Ибо Констанция стояла на том самом месте, где несколько ночей назад стоял Кларенс Сопуит.
– Сопуит? – переспросила она.
Глава 39
Констанция вела машину, и ее голос резал воздух:
– Жизнь – как нижнее белье, ее надо менять дважды в день. Вечер закончился, я хочу его забыть.
Она стряхнула слезы с глаз и, скосив взгляд, проследила, как они дождем улетают прочь.

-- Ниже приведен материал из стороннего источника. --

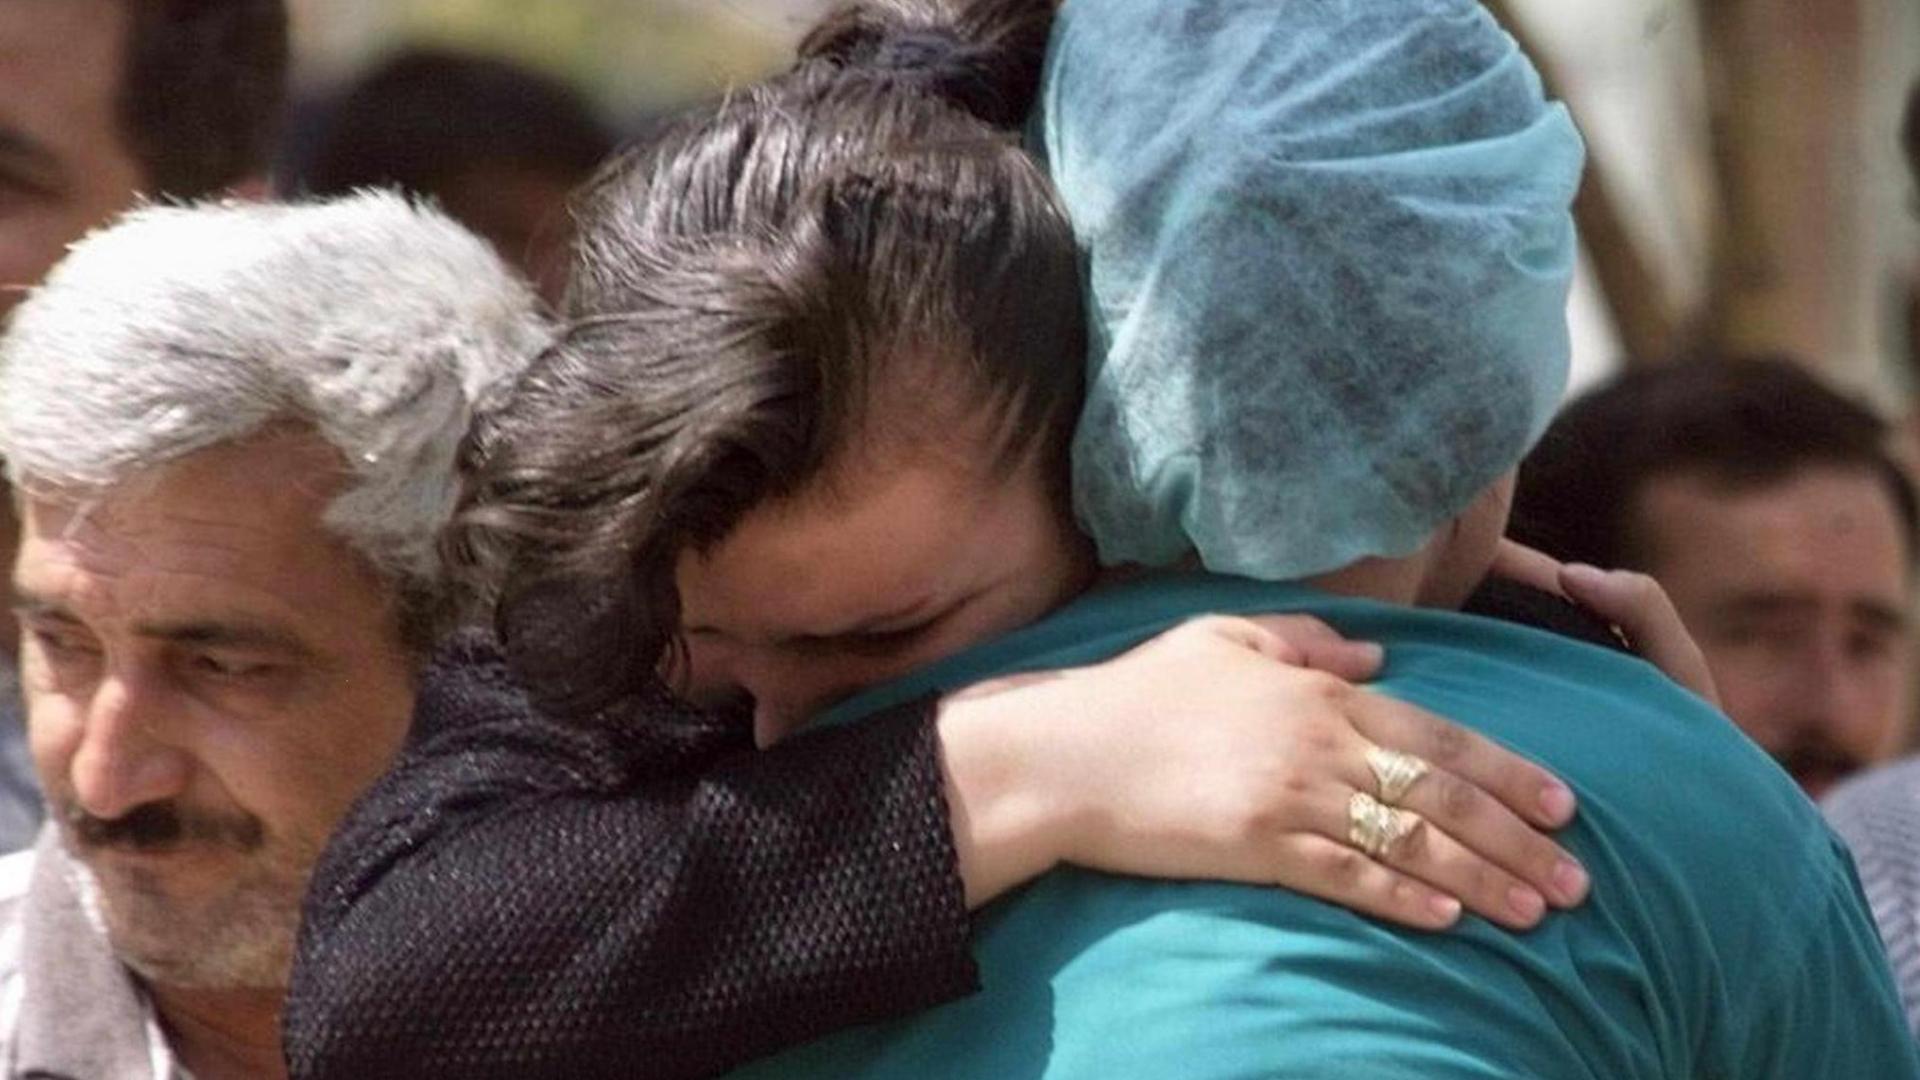 : Sena Bulte (C-L) an earthquake survivor is hugged by a relative 21 August 1999 in Izmit (over 100 kilometers east of Istanbul). Bulte was taken out of the rubbles of her house yesterday. The death toll of the quake stands over 12.000 dead and 33.500 wounded according to figures released today by the Turkish government crisis center. (ELECTRONIC IMAGE) dpa |

– Все, забыла, вот так просто. Так устроена моя память. Видишь, как легко?
– Нет.
– Помнишь кумушек с верхнего этажа того муравейника, где ты жил пару лет назад? Как после большой субботней попойки они швыряли с крыши новые платья, чтобы показать, какие они богатые, что им плевать, завтра они могут купить себе другое? Какая чудовищная ложь; платья летят в разные стороны, а они стоят – со своими жирными или тощими задами – на крыше, в три часа ночи, и смотрят на этот сад из платьев, которые, словно шелковые лепестки, летят на ветру по пустырям и улицам. Помнишь?
– Да!
– Вот так и я. Я все выкидываю: сегодняшний вечер, «Браун-дерби», того беднягу вместе со всеми моими слезами – все вон.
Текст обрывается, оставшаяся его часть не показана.